The cash flow and capital efficiency metrics are pivotal for assessing financial health. UPS’s free cash flow yield and CAPEX efficiency indicate solid cash flow prospects, though stock-based compensation remains low compared to revenue.
| Year | 2023 | 2024 | 2025 |
|---|---|---|---|
| Free Cash Flow Yield | 3.76% | 5.76% | 5.66% |
| Earnings Yield | 4.97% | 5.36% | 6.62% |
| CAPEX to Operating Cash Flow | 50.38% | 38.62% | 43.61% |
| Stock-based Compensation to Revenue | 0.24% | 0.03% | 0.08% |
| Free Cash Flow / Operating Cash Flow Ratio | 49.62% | 61.38% | 56.39% |
UPS demonstrates adequate cash flow management, but high CAPEX percentages may challenge future flexibility if cash flows aren't bolstered.
A comprehensive analysis of UPS's balance sheet positions, showing adequacy in managing liabilities with assets. Debt ratios indicate leveraged positions demanding scrutiny over solvency.

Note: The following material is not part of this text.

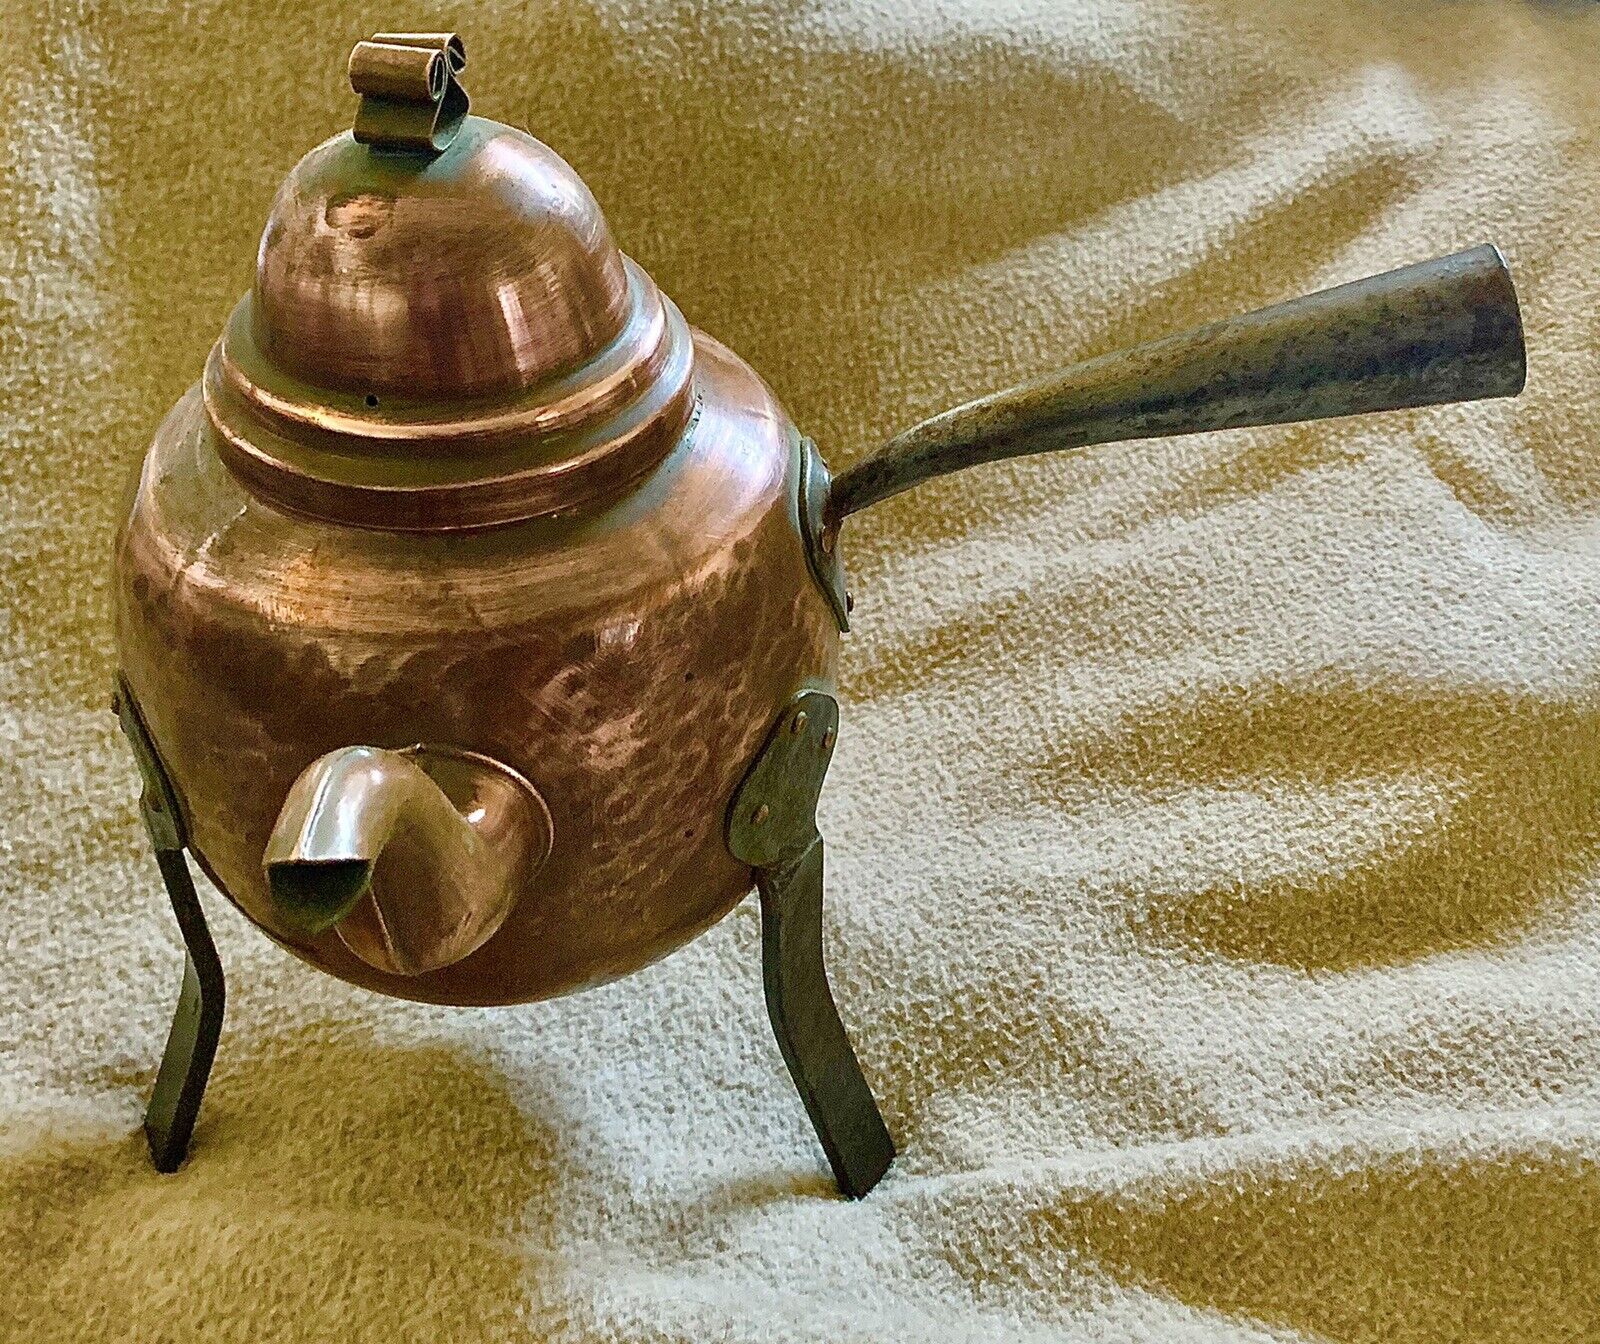 Antique European handmade copper and wrought iron coffee pot

| Year | 2023 | 2024 | 2025 |
|---|---|---|---|
| Debt-to-Equity | 1.54 | 1.53 | 1.99 |
| Debt-to-Assets | 37.72% | 36.61% | 44.18% |
| Debt-to-Capital | 60.70% | 60.54% | 66.55% |
| Net Debt to EBITDA | 1.85 | 1.64 | 2.21 |
| Current Ratio | 1.10 | 1.17 | 1.22 |
| Quick Ratio | 1.05 | 1.12 | 1.22 |
| Financial Leverage | 4.10 | 4.19 | 4.50 |
While the company maintains favorable liquidity ratios, significant leverage could pose risks under adverse economic conditions.

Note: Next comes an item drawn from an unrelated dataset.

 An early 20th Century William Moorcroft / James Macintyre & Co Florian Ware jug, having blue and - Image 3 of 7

Assessing UPS's profitability metrics, solid equity and asset returns reflect operational efficiency. The company’s margins indicate sustainable profitability along with healthy returns to compliment firm value creation.

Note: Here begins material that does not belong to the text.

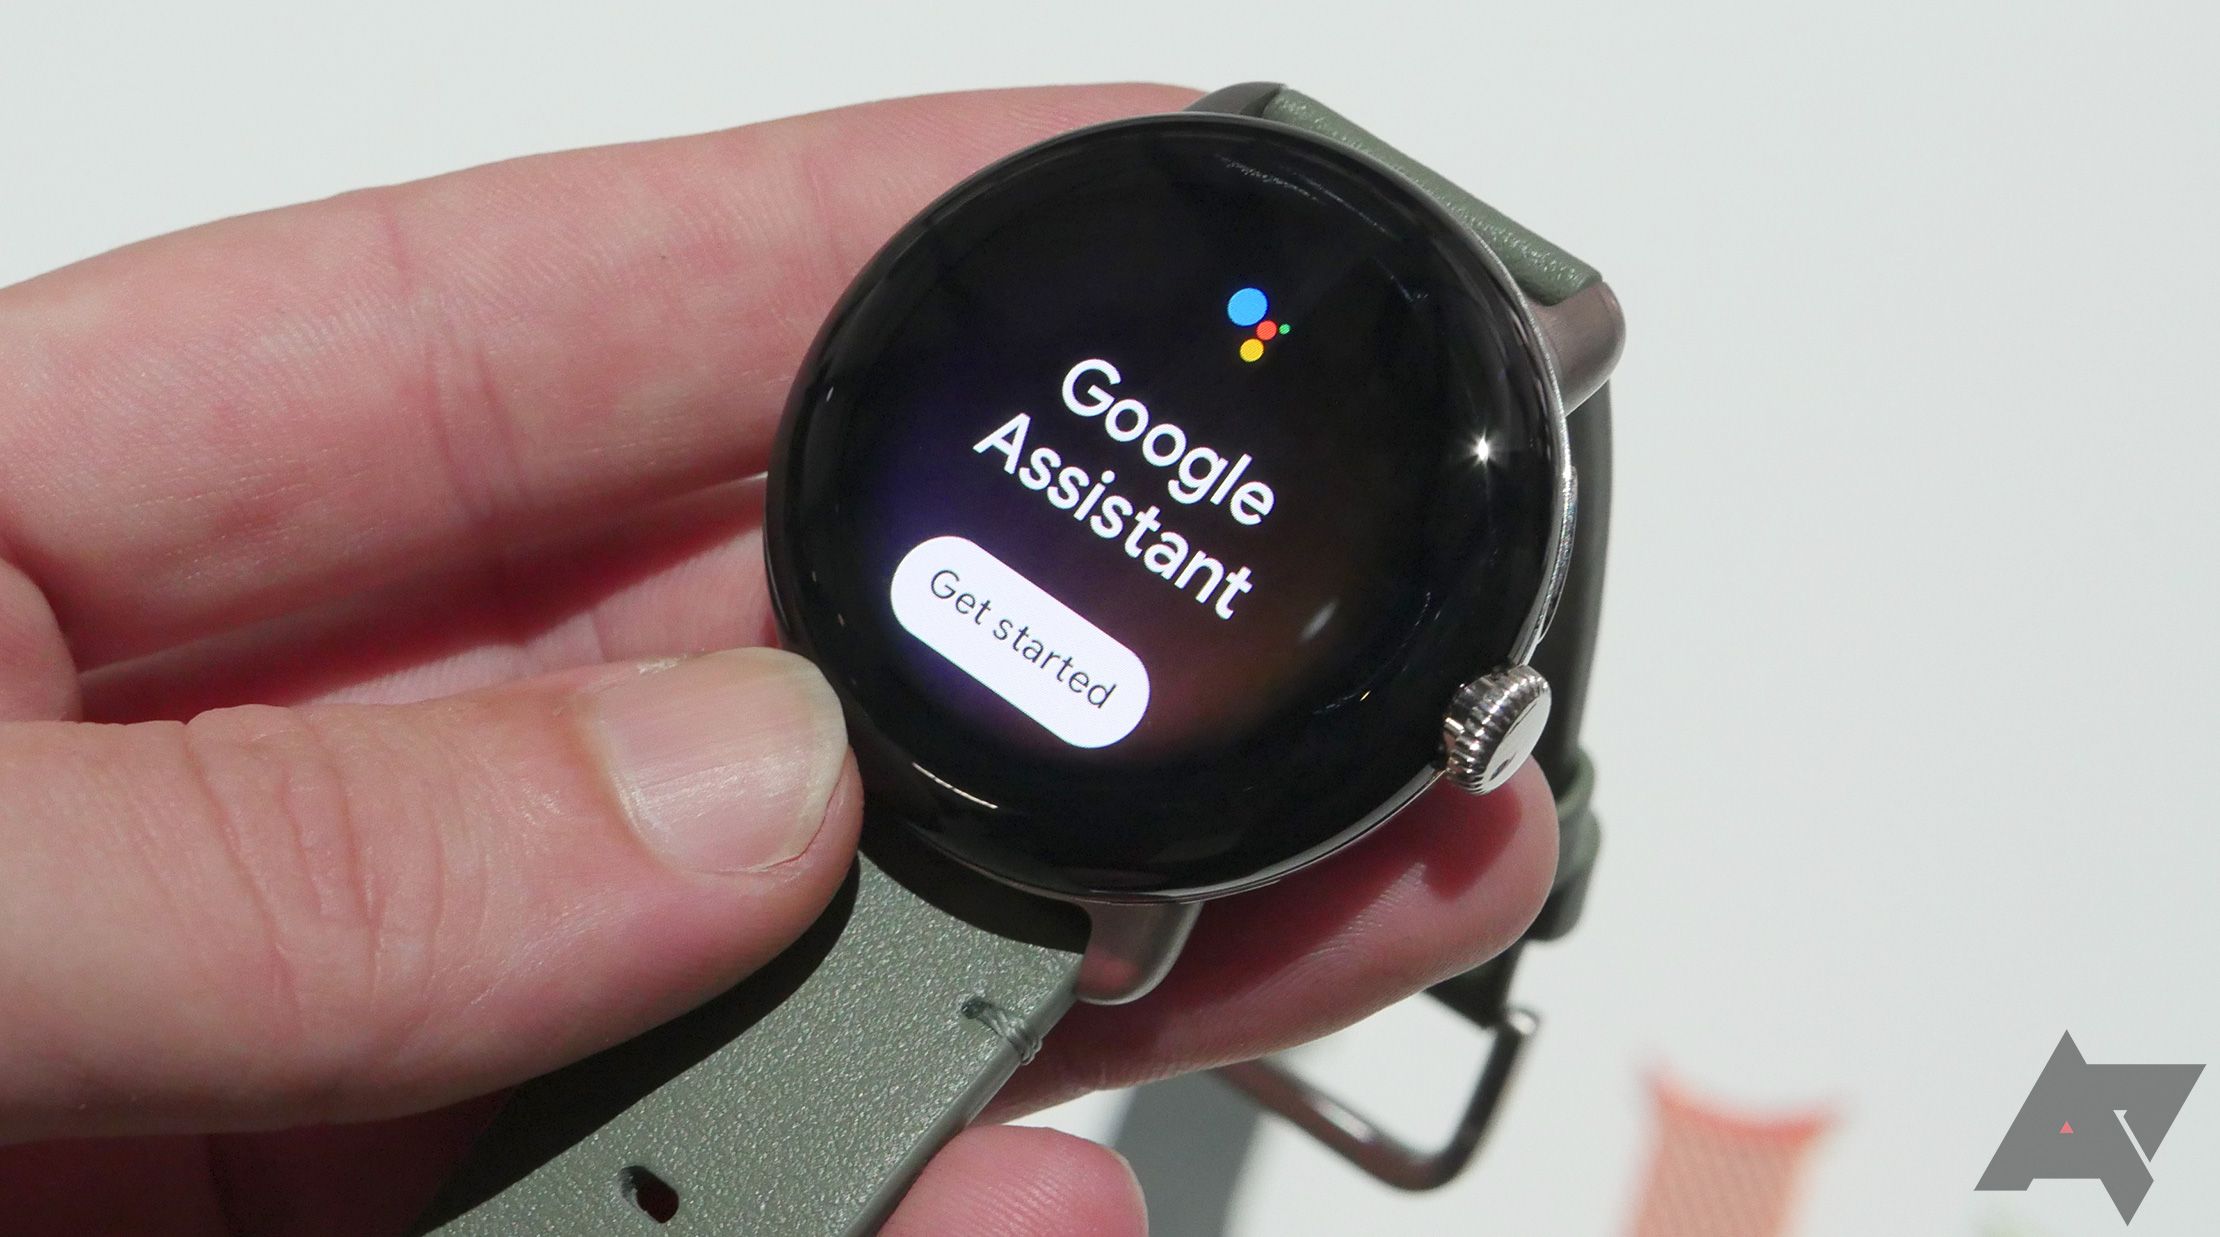 A hand holding a Google Pixel watch showing Google Assistant

| Year | 2023 | 2024 | 2025 |
|---|---|---|---|
| Return on Equity | 38.76% | 34.59% | 34.34% |
| Return on Assets | 9.47% | 8.25% | 7.62% |
| Net Margin | 7.39% | 6.36% | 6.28% |
| EBIT Margin | 10.30% | 9.13% | 9.23% |
| EBITDA Margin | 14.01% | 13.11% | 13.45% |
| Gross Margin | 19.51% | 18.77% | 18.08% |
| Research & Development to Revenue | 0% | 0% | 0% |
UPS exhibits strong profit generation, supported by superior return metrics and stable margin performance, confirming its market competitiveness.
| Category | Score | |
|---|---|---|
| Dividend Yield | 5 | |
| Dividend Stability | 5 | |
| Dividend Growth | 3 | |
| Payout Ratio | 2 | |
| Financial Stability | 3 | |
| Dividend Continuity | 5 | |
| Cashflow Coverage | 3 | |
| Balance Sheet Quality | 3 |
United Parcel Service, Inc. maintains an attractive dividend profile with a commendable history of payments and strong market position. The stock exhibits solid profitability metrics, though high payout ratios and leverage warrant cautious optimism. With continued strong market execution, UPS presents a compelling investment opportunity for those seeking dividend yield in the industrial sector. However, potential fluctuations in earnings and cash flows should be considered when evaluating long-term holding prospects.